When Tom from our Global Hobo crew ran this Hiroshima and Miyajima day trip, it became clear why JR pass holders rave about it — you're basically getting a private English guide to shepherd you through two of Japan's heaviest-hitting sites in a single, tightly choreographed push. You depart Kyoto or Osaka early morning on the shinkansen (your own pass), arrive in Hiroshima by mid-morning, tick off the floating torii at Miyajima shrine and the Peace Memorial Park and Dome by late afternoon, then shinkansen back home. It's a lot of ground in 11–12 hours, but the guide handles logistics so you just show up and move.

Highlights

  • Private English guide meets you at Kyoto or Osaka station — no group chaos.
  • Flexible itinerary; skip spots or swap them if you'd rather explore elsewhere.
  • Ferry to Miyajima and local transport in Hiroshima included in the rate.
  • Guide helps you pivot on tour day if you fancy a change of plan.
  • Atomic Bomb Dome and Peace Memorial Park covered in same-day loop.
  • Shinkansen legs covered by your own JR pass — no extra rail tickets.
  • Lunch break is yours to own; guides suggest good spots if asked.

What to expect

You'll meet your guide early — either 7:30 at Kyoto or Shin-Osaka station — and hand over your JR pass for the shinkansen legs (you're doing the booking and riding; the guide's just confirming you're on the right train). The bullet train gets you to Hiroshima by 9:33. From there, it's Miyajima first: local train and ferry to the island, a wander around Itsukushima shrine and that famous floating torii, then back to the mainland by early afternoon. You've got free lunch in there — bring cash, or ask your guide for recommendations. After lunch, it's straight to Hiroshima's Peace Memorial Park and the Atomic Bomb Dome. The guide provides context and lets you take your own time at the museums and sites. By 5 p.m. you're back at Hiroshima Station and either catching the evening shinkansen to Osaka (17:52) or a later one to Kyoto via Osaka (18:33, with a transfer). It's a solid day but not leisurely — lots of moving between sites.

What travellers say

What people love
  • Private guide personalises the day; not herding twenty strangers around.
  • On-the-fly flexibility — swap sites or skip them without penalty grief.
  • Shinkansen rail covered by your own JR pass; no hidden train tickets.
  • Ferry and Hiroshima city transport bundled into the price.
  • Guide adapts schedule same-day if you change your mind.
  • Two world-class sites (Miyajima torii, Peace Memorial Park) in one day.
Where it falls short
  • Relentless pacing leaves little time to sit and absorb.
  • Lunch and all meals are separate; no catering or snacks included.
  • Ferry crowds and shrine foot traffic peak June–September.
  • Steep stairs and uneven ground may challenge mobility or young kids.

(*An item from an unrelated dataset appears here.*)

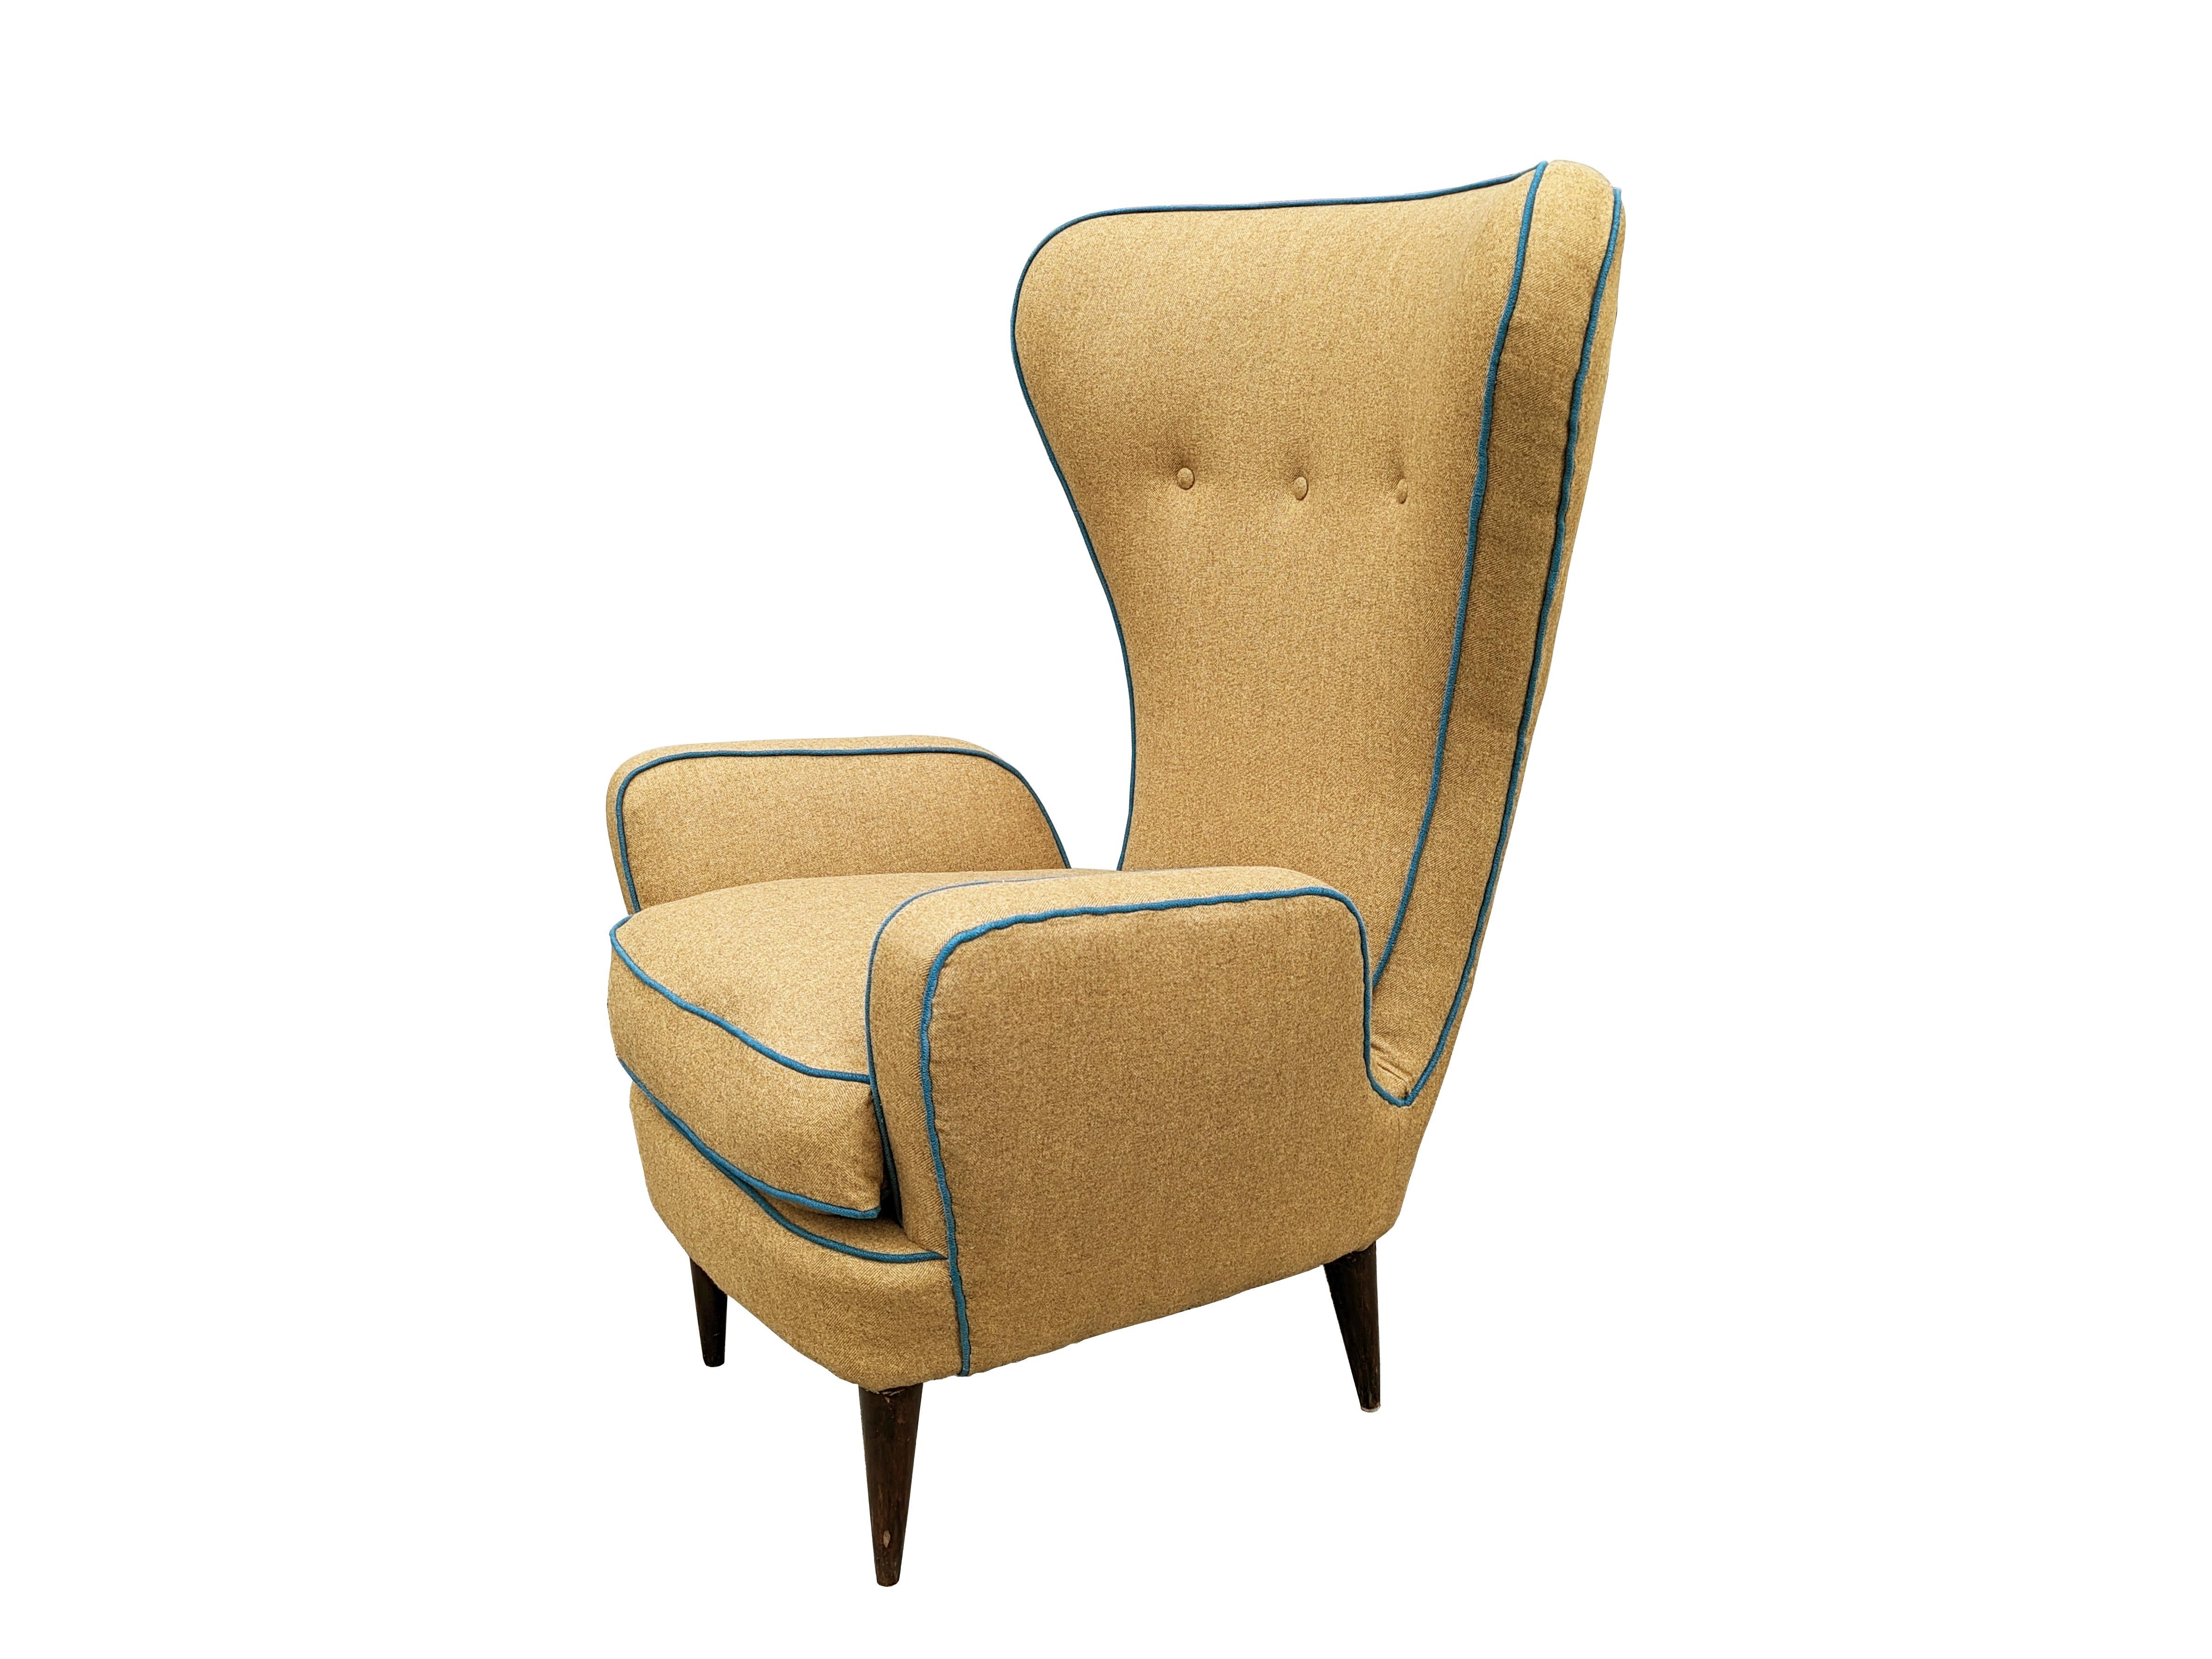 Dieser skulpturale Sessel mit hoher Lehne wurde von Emilio Sala und Giorgio Madini in den 1950er Jahren für die Möbelfabrik Fratelli Galimberti entworfen. Der Sessel wurde komplett neu gepolstert und mit eleganter Wolle in Kamel- und Tealfarben

Themes summarised by our team from public information about this tour. Verify specifics on the operator's page before booking.

Good to know

The good

If you've already got a JR pass, this is sensible value; the guide handles all the transport logistics and entry fuss so you're not second-guessing train platforms. The itinerary hits the essential Hiroshima and Miyajima boxes, and the guide can nudge you towards spots or timings that suit your pace — that flexibility is real, not marketing bluster.

The not-so-good

This is a full-day sprint. You're moving every 60–90 minutes, so if you wanted to linger in the Peace Museum for three hours, you won't get that. The ferry to Miyajima can get crowded in peak season (June–September), and the walk around the shrine isn't strenuous but it's constant. Lunch is entirely on your own dime and you're eating fast. No meals or snacks included, and dinner is on you too. The weather can be brutal in summer or unpredictable in rainy season — bring layers and sun cream. Kids under six might find the pace taxing. Accessibility isn't mentioned in detail, but the shrines and parks involve stairs and uneven ground.

Practical info

Bring a day pack, water, and comfortable shoes. Your JR pass covers shinkansen; you pay for ferry ($10–15 AUD return) and any museum entries out of pocket. Private guide, so just you and your group (1–6 people ideally). Book in advance and confirm your exact shinkansen times with the operator, because you're responsible for boarding on time. Peak times are cherry blossom (late March–early April), Golden Week (late April), and autumn foliage (November).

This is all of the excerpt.